O'Dell, Lindsay and Brownlow, Charlotte and Rosqvist, Hanna Bertilsdotter (2011) Neurodiverse spaces: exploring the potential for social networking to reconstruct our ideas of 'friendship'. In: Critical Autism Seminar Day, 18 Jan 2011, Sheffield, UK.
PDF (Published Version (Poster))
As critical researchers engaged in work that celebrates neurodiversity we are interested in ways in which particular spaces can be experienced as AS/NT friendly. Given the strong focus on 'impairments' associated with autism in many of the dominant literatures, particularly the 'impairment in social interaction', alternative understandings of friendship and social interactions are important if we are to engage with neurodiverse relationships.

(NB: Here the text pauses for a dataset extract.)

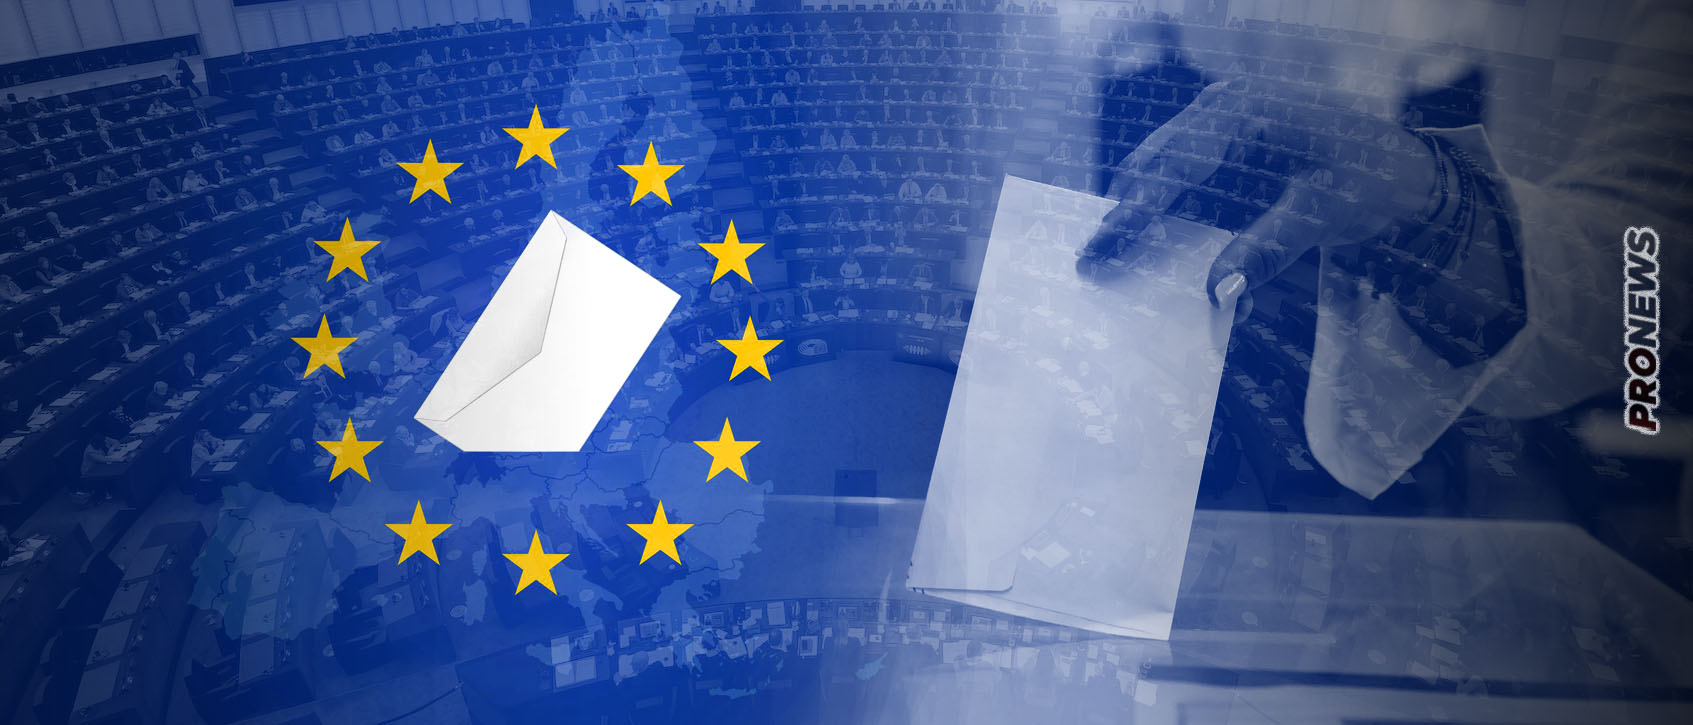 Ευρωεκλογές: Πάνω από 25% διεκδικούν τα δεξιά κόμματα σε όλη την ΕΕ – Η περίπτωση της Ελλάδας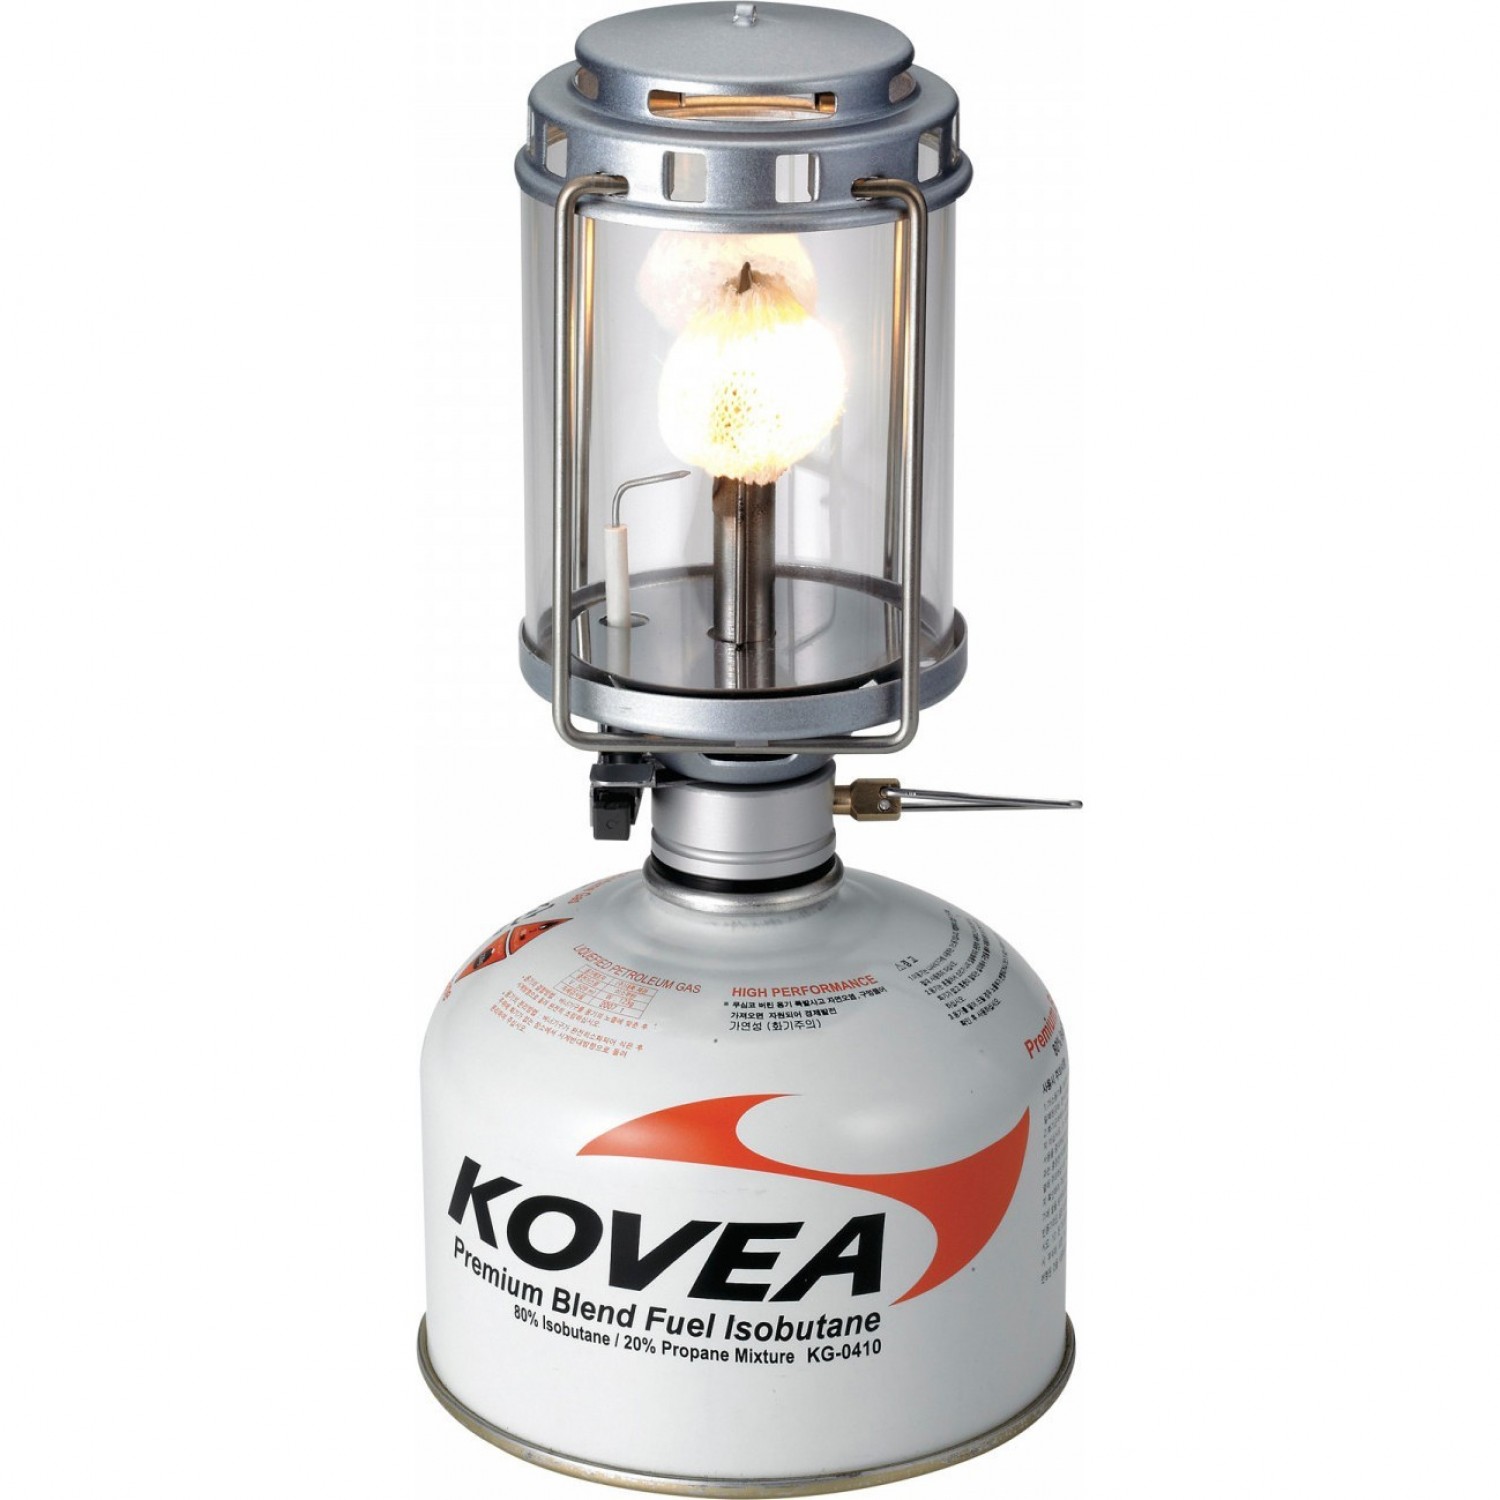 Газовая лампа KOVEA Firefly KL-805

In this poster we explore representations of friendship among autistic people and the potential impact that social networking in online-space such as Facebook or off-line space such camps for autistic people may have in enabling a reconstruction of ideas about friendship and how these alternative notions of 'friendship' may be useful for some autistic people. The growing body of literature focusing on the internet as a potential tool for empowerment for use by people with AS, means that it is important to explore its potential for creating neurodiverse spaces that recognise and respect difference. In this presentation we draw on the example of Facebook and Swedish summer camps for adults with autism to explore the potential for social networking to support neurodiverse communities.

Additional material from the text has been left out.